O’Kane responded that the noise monitoring is only at the beginning stages.
“These points are just to calibrate the model,” he said. “We will be expanding the area of monitoring. There will be noise predictions all over the neighborhood.”
Kelly suggested that Fangary or the City of Hermosa Beach file to become a formal intervener in the process so that he can join the discussion.
Wellner , the attorney representing Redondo Beach, then spoke frankly about the city’s issues with AES’s noise data.
“We think that AES, from the beginning of the process, has been difficult and given us trouble at every turn to provide basic noise data,” he said. “The operation site of the plant will shift to the far northeast corner. From the beginning, AES has been providing noise data from the far west and far south. In addition, the initial CEC request was not for what study would be proposed but for the results of the studies and that was due on Oct 15. Now it’s February and we are hoping to get data on far reduced studies by the summer.”
“The CEC is desperately trying to get info to make their decision and they are being blocked repeatedly by AES,” Wellner continued. “The CEC is not powerless in this process — they don’t have to approve the facility if they don’t have significant information. We seem to have a recalcitrant applicant and I urge you not to reward them. It is not sufficient to promise not violate rules in future when AES’s track record is so dismal in the past.”

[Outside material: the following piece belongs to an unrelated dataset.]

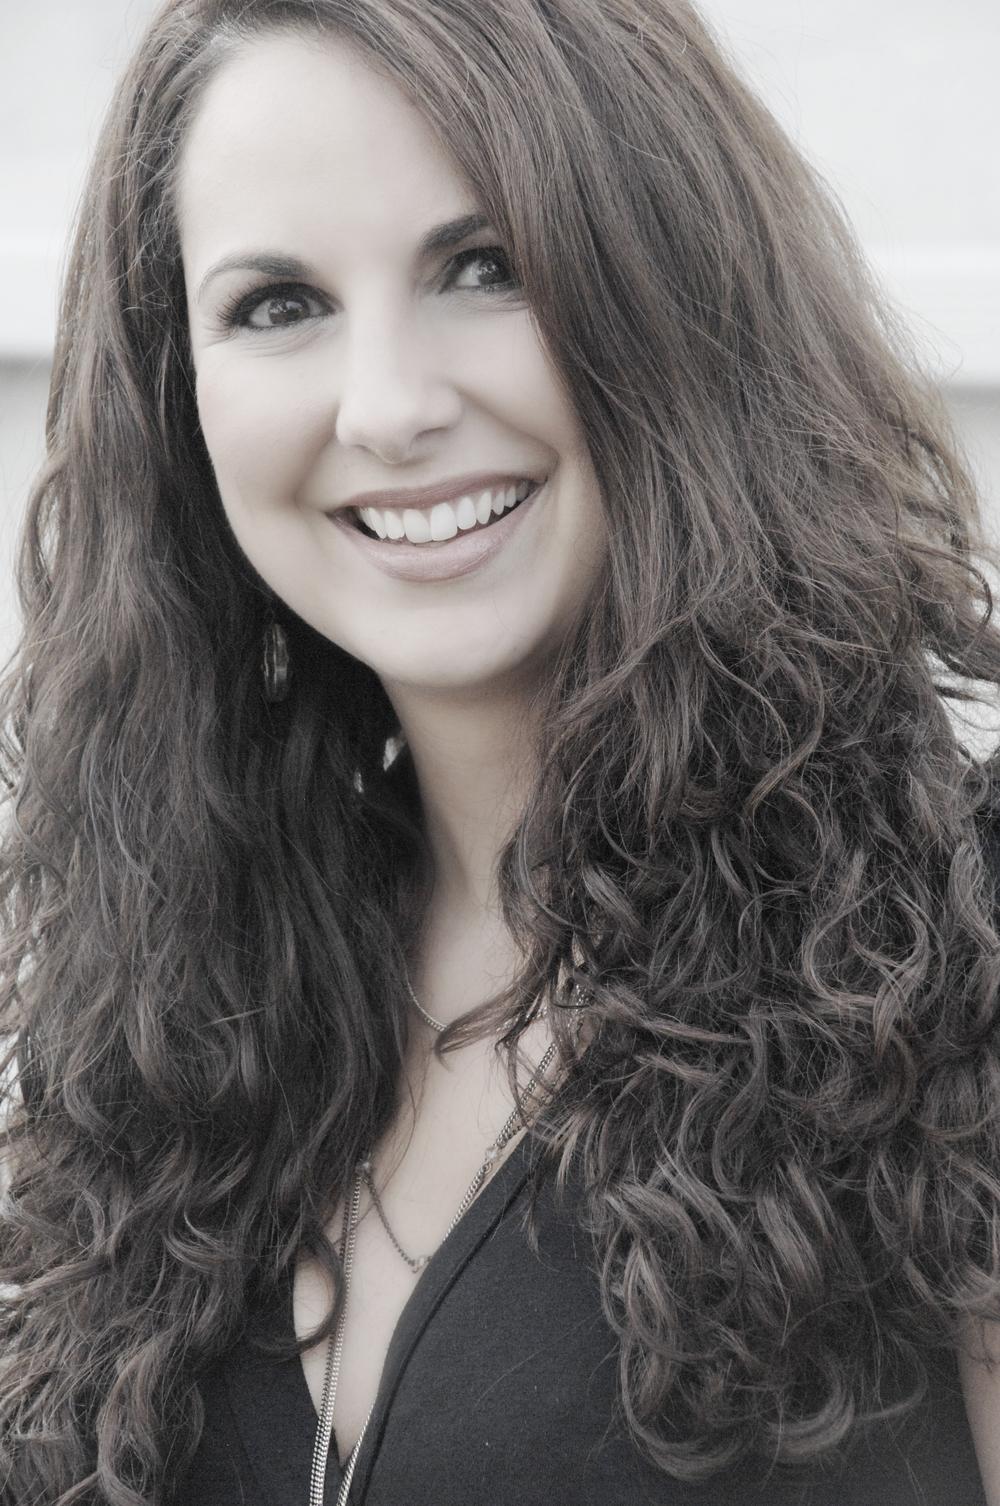 Gabrielle Troisi PA-C Aesthetic Specialist
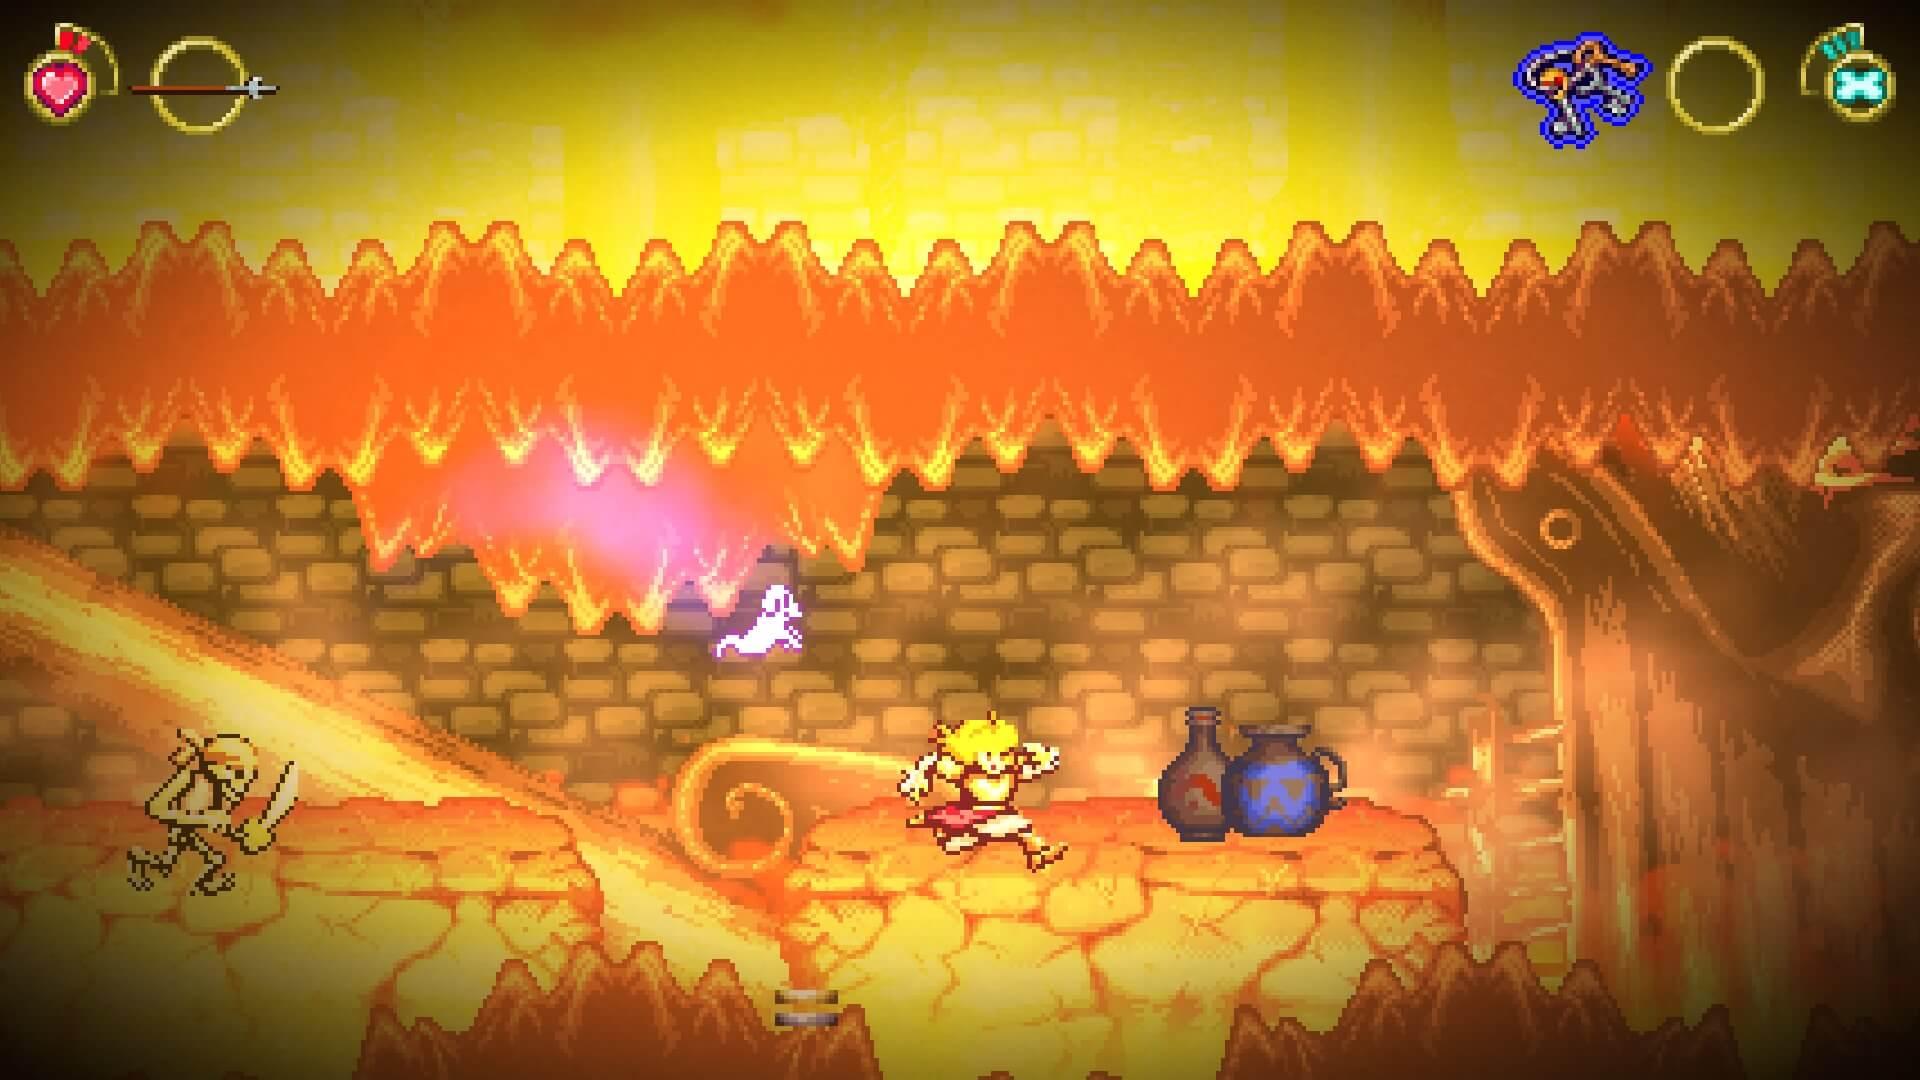 Battle Princess Madelyn, Delfos, Causal Bit Games, Ghouls 'N Ghosts

Light received widespread applause from the audience when he questioned the CEC’s ability to regulate noise at the power plant.
“AES has been a bad neighbor to us,” Light said. “I live over a mile away and there are times when I get woken up. This has been going on since AES bought the plant. We are skeptical that any future noise requirements and a complaint hotline is going to address that.”
“Forgive us for not trusting you,” he said. “You’re telling me when I have an open window with a screen, the screen will drop the noise level by ten decibels? And if not, I call a hotline. So by the time we leave a message on the hotline and someone listens to it, then what? If I as a resident thinks it’s too loud, how do I prove that it is too loud? I don’t have the equipment.”
After discussion of possible traffic implications for an active power plant, the community members in the audience got their chance at the podium. Many of the commenters were familiar faces in the power plant battle.
Zein Obagi, current candidate for Congress, spoke largely of health concerns surrounding the plant.
“Wind flows inland so any emissions from this plant will go inward,” said Obagi. “Cancer is world’s largest killer and the greatest killer in cancer is lung cancer. The seventh highest factor in lung cancer in urban air pollution. And there was just a study put out last month by the National Institute for Environmental Health Sciences studying a natural gas facility in rural Colorado. It found that, in a ten mile radius of the plant, there are twice as many defects in babies, and babies [are] 38 percent more likely to have heart defects….Putting a gas plant in a densely populated doesn’t sound like a smart idea to me.”
Arlene Staich, former Redondo Beach school board member and outspoken proponent of the power plant, once again expressed support of the AES project.
“The noise levels are a matter of change daily,” said Staich. “It does take time to gather the data and analyze it. I expect that they will comply. In terms of health effects, the plant will create less particulates in the air than the cars on our streets. I think the AES will be open to multiple uses to work on the waterfront and change their footprint in the community. How much money does Redondo Beach want to spend to stop the process, a process that I think is a good one?”
The workshop adjourned after over four hours of discussion. It has not yet been announced when the CEC will host another workshop to further explore the data and analysis required of AES.